Balance Calculators

[1]:

from pybalance.utils.balance_calculators import *
from pybalance.utils import MatchingData
from pybalance.sim import load_paper_dataset

[2]:

m =load_paper_dataset()
m

[2]:

Headers Numeric:
['age', 'height', 'weight']

Headers Categoric:
['gender', 'haircolor', 'country', 'binary_0', 'binary_1', 'binary_2', 'binary_3']

Populations
['pool', 'target']

	age	height	weight	gender	haircolor	country	population	binary_0	binary_1	binary_2	binary_3	patient_id
0	64.854093	189.466850	88.835049	1.0	1	4	pool	0	1	0	1	135740
1	52.571993	158.134940	94.215107	1.0	1	1	pool	0	1	0	1	49288
2	25.828361	154.692482	94.226222	1.0	0	3	pool	0	0	1	0	256676
3	70.177571	160.536632	94.244356	1.0	0	2	pool	0	0	0	1	338287
4	73.779164	153.551419	86.161814	0.0	0	1	pool	0	0	1	1	72849
...	...	...	...	...	...	...	...	...	...	...	...	...
274995	62.547794	186.005015	50.975051	0.0	0	1	target	0	0	1	1	579081
274996	69.879934	142.371386	100.138389	1.0	1	4	target	0	1	1	0	569939
274997	56.921402	130.639589	108.745182	1.0	1	5	target	0	1	0	0	532419
274998	34.082754	174.764051	67.998396	0.0	2	2	target	0	0	0	1	566266
274999	60.981259	137.419436	89.897817	1.0	0	5	target	1	1	1	1	544231

275000 rows × 12 columns

[13]:

m.counts()

[13]:

	N
population
pool	250000
target	25000

Fit Balance Calculator

[14]:

# Balance calculators in general are "fit" to the whole population data
# Fitting here means fitting preprocessors (e.g. what bins to use when binning
# is involved). It's important to fit once so that all calls to distance()
# can be compared meaningfully.
beta = BetaBalance(m)
target, pool = split_target_pool(m)

Balance between pool and target

[15]:

beta.distance(pool)

[15]:

tensor(0.2353, dtype=torch.float64)

[16]:

# Specifying target is optional
beta.distance(pool, target)

[16]:

tensor(0.2353, dtype=torch.float64)

Balance between subset of pool and target

[17]:

beta.distance(pool.sample(n=100))

[17]:

tensor(0.2366, dtype=torch.float64)

[18]:

# Can also take subsets of the target
beta.distance(pool.sample(n=100), target.sample(n=100))

[18]:

tensor(0.2669, dtype=torch.float64)

Balance between several subsets simultaneously

[19]:

pool_subsets = np.array([
    np.random.choice(pool.reset_index().index.values, size=100, replace=False),
    np.random.choice(pool.reset_index().index.values, size=100, replace=False)
])
beta.distance(pool_subsets)

[19]:

tensor([0.2404, 0.2418], dtype=torch.float64)

[9]:

pool_subsets = [
    np.random.choice(pool.reset_index().index.values, size=100, replace=False),
    np.random.choice(pool.reset_index().index.values, size=100, replace=False)
]
target_subsets = [
    np.random.choice(target.reset_index().index.values, size=100, replace=False),
    np.random.choice(target.reset_index().index.values, size=100, replace=False)
]
beta.distance(pool_subsets, target_subsets)

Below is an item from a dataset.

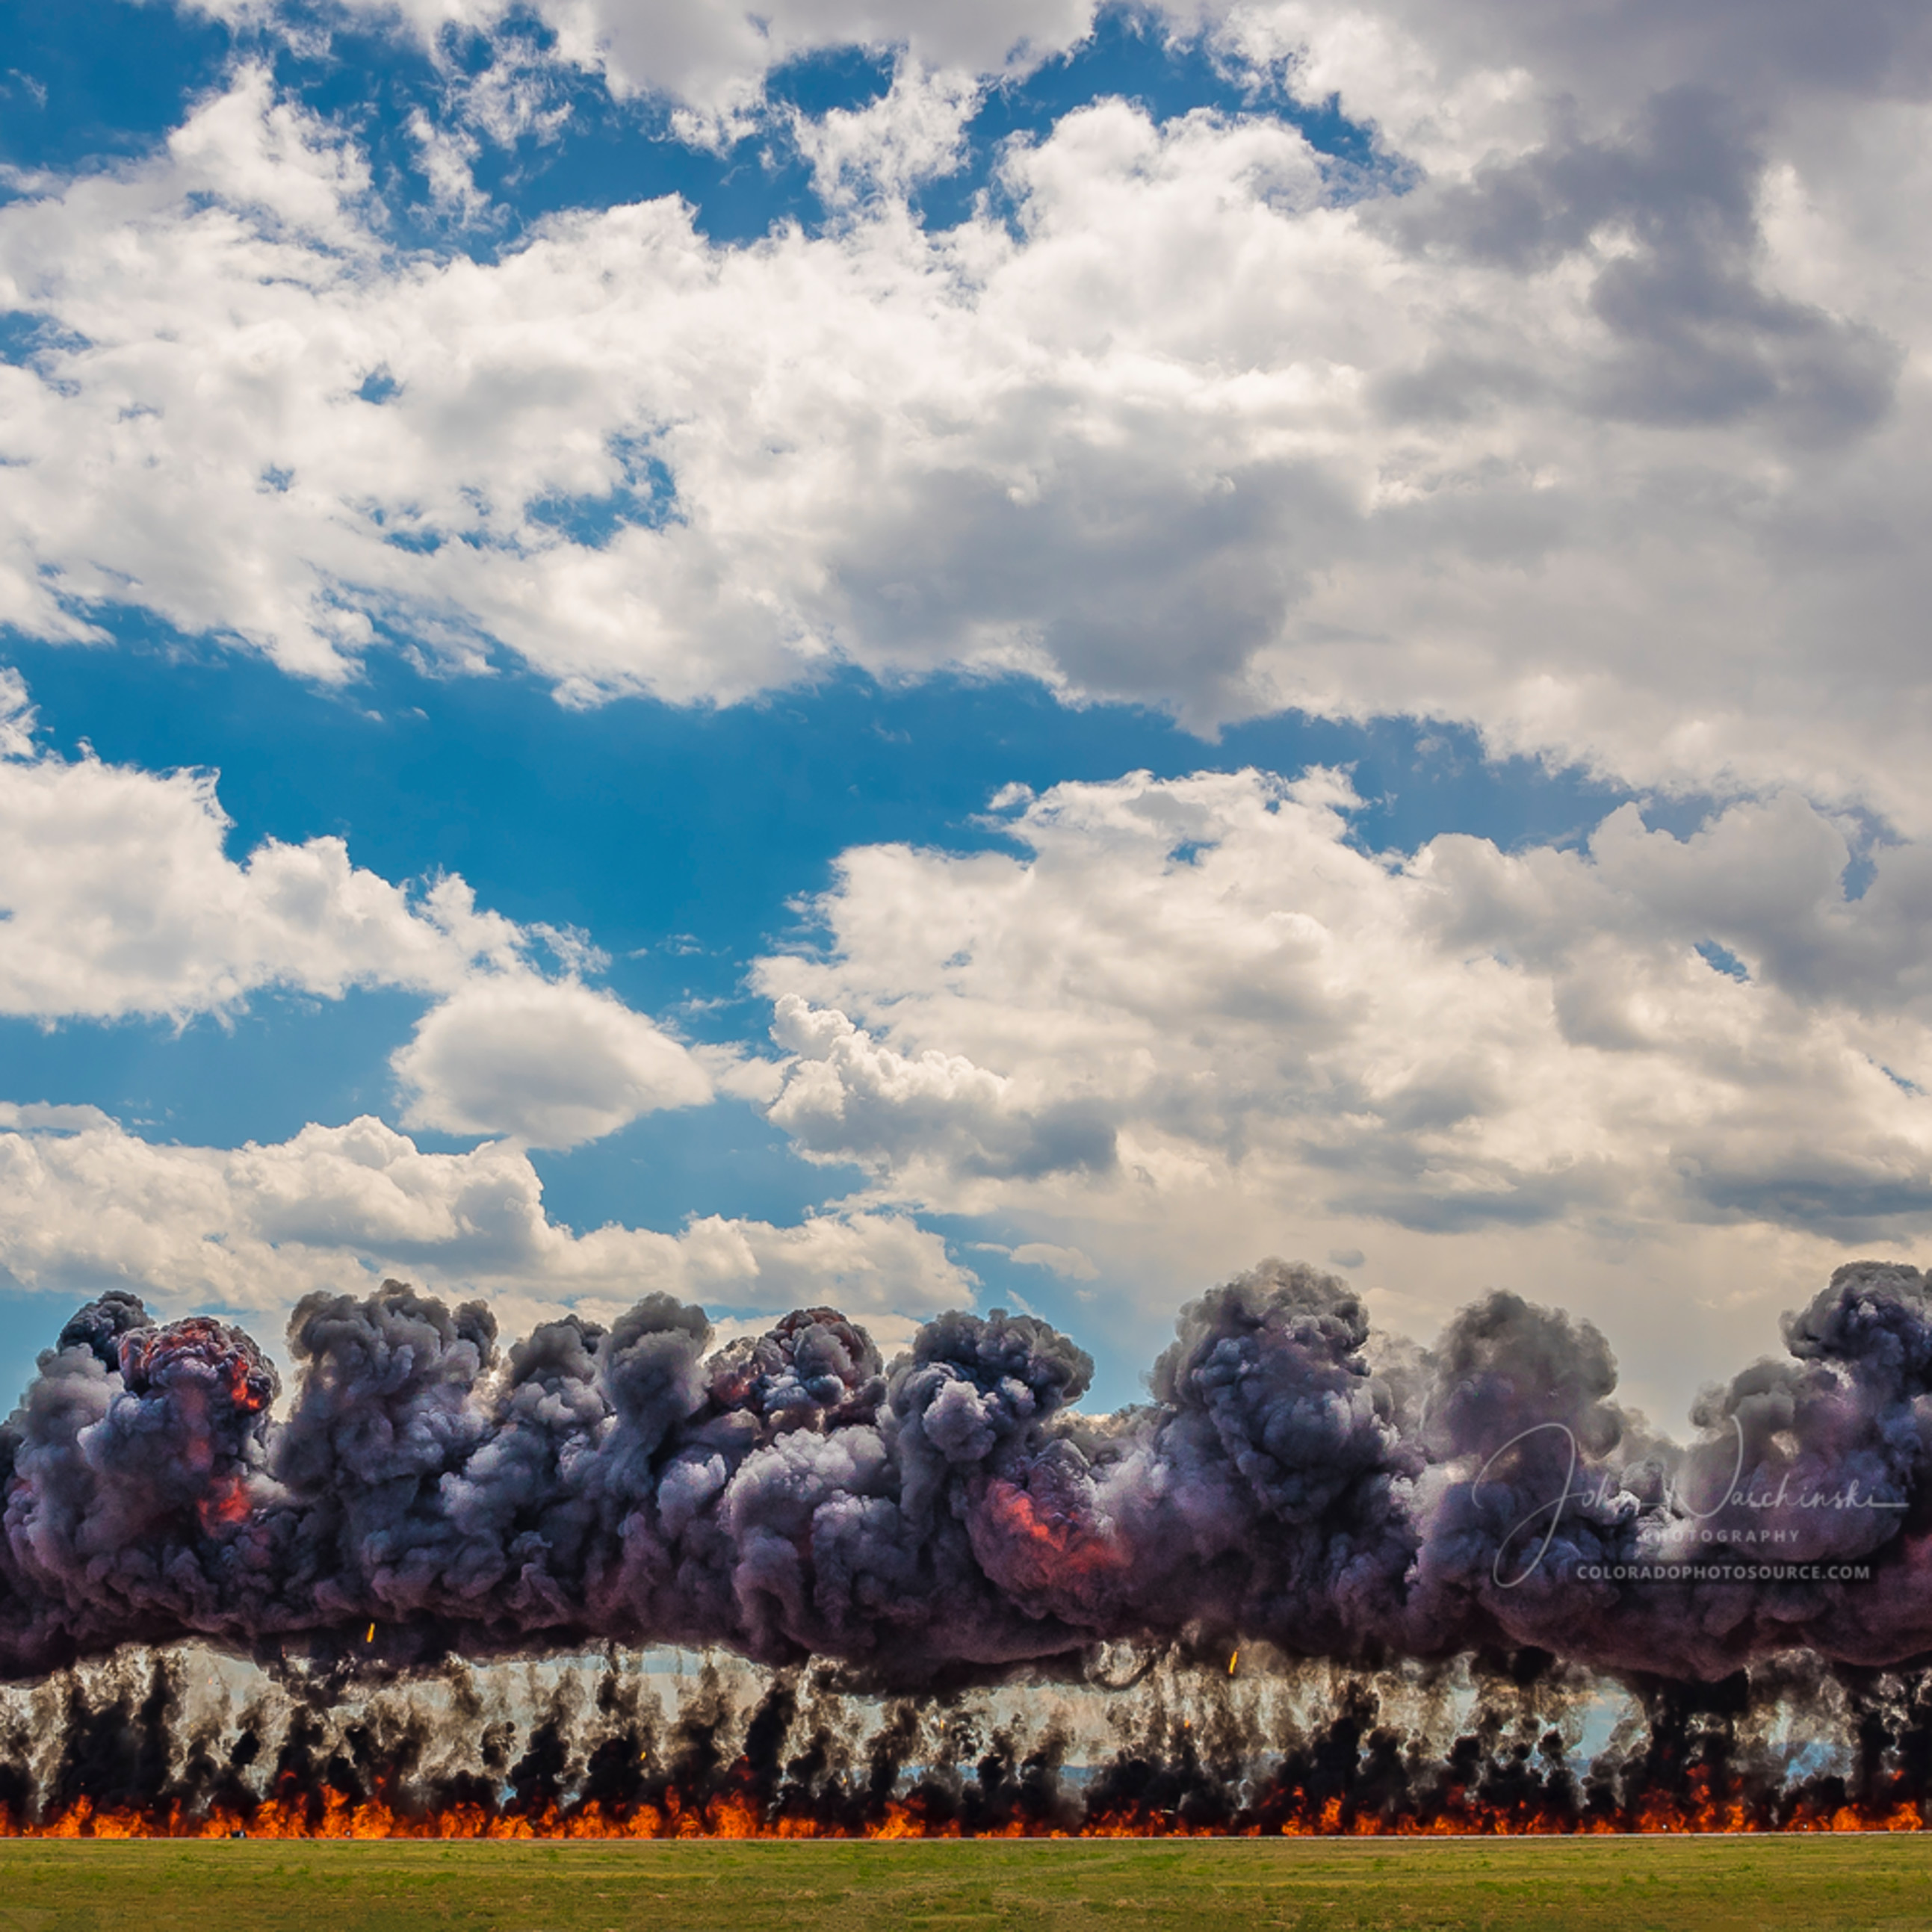 Colorado photosbombing run3 nwv1jc

/Users/gmema/src/pybalance/pybalance/utils/balance_calculators.py:224: UserWarning: Creating a tensor from a list of numpy.ndarrays is extremely slow. Please consider converting the list to a single numpy.ndarray with numpy.array() before converting to a tensor. (Triggered internally at /Users/runner/work/pytorch/pytorch/pytorch/torch/csrc/utils/tensor_new.cpp:278.)
  subset_populations = torch.tensor(

[9]:

tensor([0.2602, 0.2757], dtype=torch.float64)

[28]:

# Must have same number of subsets! This will throw an error:
pool_subsets = [
    np.random.choice(pool.reset_index().index.values, size=100, replace=False),
    np.random.choice(pool.reset_index().index.values, size=100, replace=False)
]
target_subsets = [
    np.random.choice(target.reset_index().index.values, size=100, replace=False),
    np.random.choice(target.reset_index().index.values, size=100, replace=False),
    np.random.choice(target.reset_index().index.values, size=100, replace=False)
]
try:
    beta.distance(pool_subsets, target_subsets)
except ValueError as e:
    print(e)

Number of subset populations must be same for pool and target!

Basic Genetic Optimizer

Here is a very basic, un-optimized implementation of genetic matching! It’s not very smart, because it doesn’t mix the good populations. This is just an illustration of using the balance calculator.

[27]:

def get_subsets(pool, target, pool_size, target_size, n_subsets):
    pool = pool.reset_index()
    target = target.reset_index()

    pool_subsets = [
        np.random.choice(pool.index.values, size=pool_size, replace=False) for _ in range(n_subsets)
    ]
    target_subsets = [
        np.random.choice(target.index.values, size=target_size, replace=False) for _ in range(n_subsets)
    ]
    return pool_subsets, target_subsets


pool_size = 1000
target_size = 1000
n_subsets = 100
best_match = None
best_distance = 100000
for j in range(100):
    pool_subsets, target_subsets = get_subsets(pool, target, pool_size, target_size, n_subsets)
    distances = beta.distance(pool_subsets, target_subsets)
    this_best_distance = distances.min()
    if this_best_distance < best_distance:
        best_distance = this_best_distance
        best_match_idx = distances.argmin()
        best_match = pool_subsets[best_match_idx], target_subsets[best_match_idx]

    if not j % 10:
        print(f'Generation {j} / Best distance found {best_distance:.3f}')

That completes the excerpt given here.